Роман Андреевич замолчал и с подозрением разглядывал Юлю: 
 - Скажи правду, он действительно говорил тебе это?         
 - Нет, это я придумала, - соврала Юля и подумала: «А разве это так плохо, если тебя любят до самого конца?»

 - Неправда, я чувствую, что он так сказал. Это его текст, - начал зудить Роман Андреевич, - говоришь, умрёт в конце рассказа?
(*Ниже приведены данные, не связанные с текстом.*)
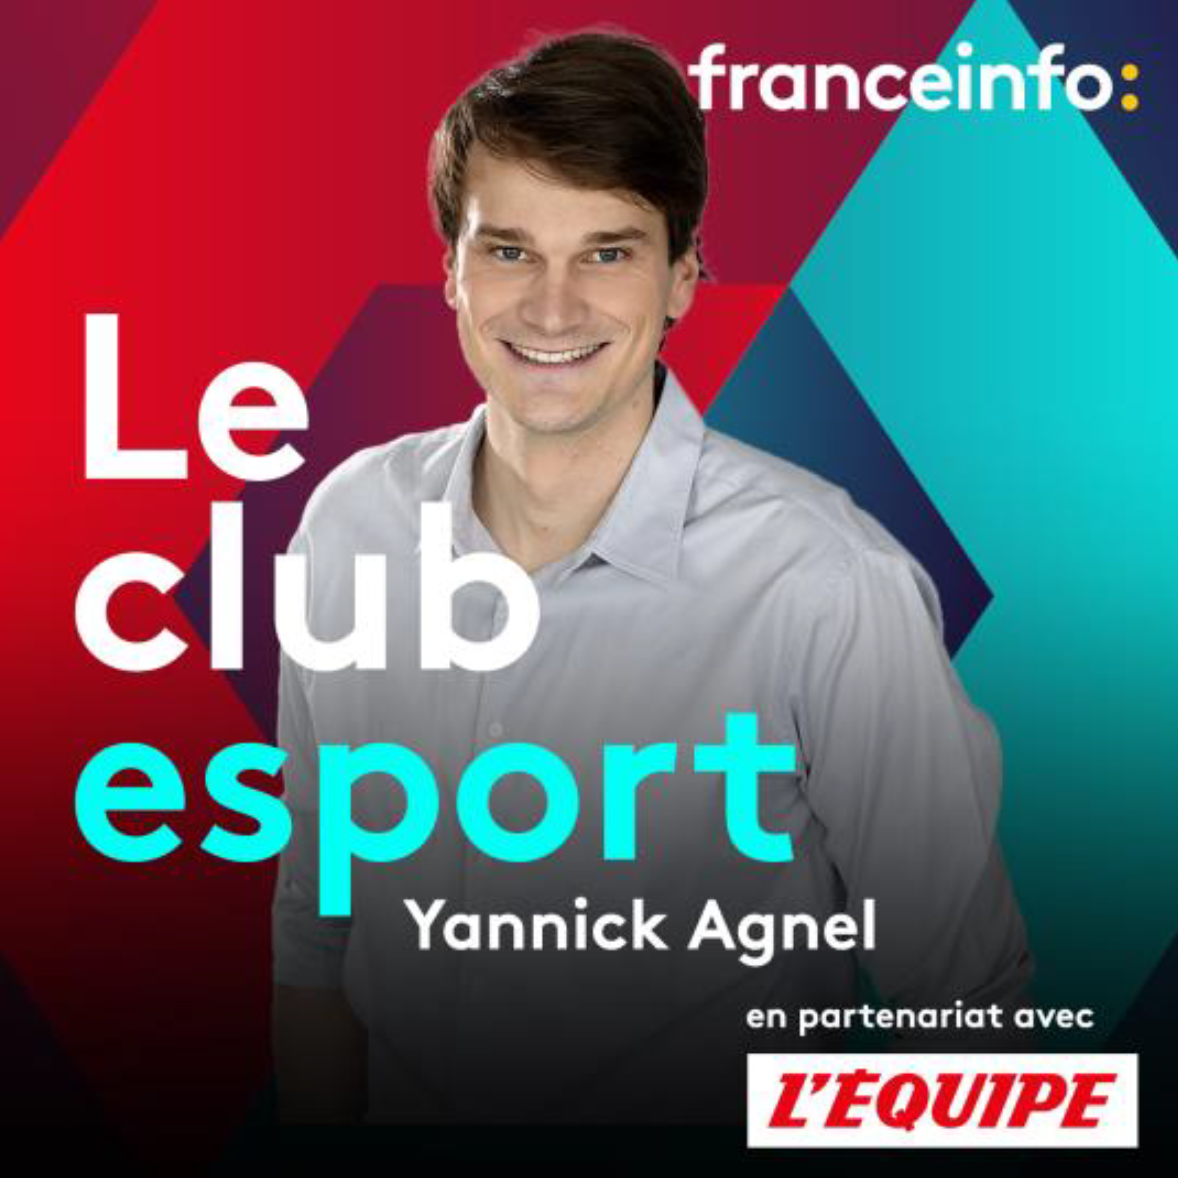 "Le club esport" : nouveau podcast original franceinfo

Это -  хорошо, это – правильно. – А про себя: «Всё-таки она у меня способная.»   
 «Надо бы позвонить Саше. Как он там?»  - впервые после их расставания подумала Юля, а вслух, сославшись на головную боль, объявила, что идёт подышать свежим воздухом.
 - Иди, иди, родная,- произнес муж умиротворенно, поудобнее устраиваясь у телевизора. 

 Юля медленно шла по направлению к скверу. Всего несколько шагов отделяло её от одиноко стоявшего на углу телефона-автомата. Поравнявшись с будкой, Юля остановилась. Постояла в нерешительности несколько минут и неспеша вошла в скверик. Села на лавочку. «На обратном пути телефон-автомат будет справа.  Можно позвонить. Но надо ли?  Надо!.. А может быть... пойти другой дорогой?»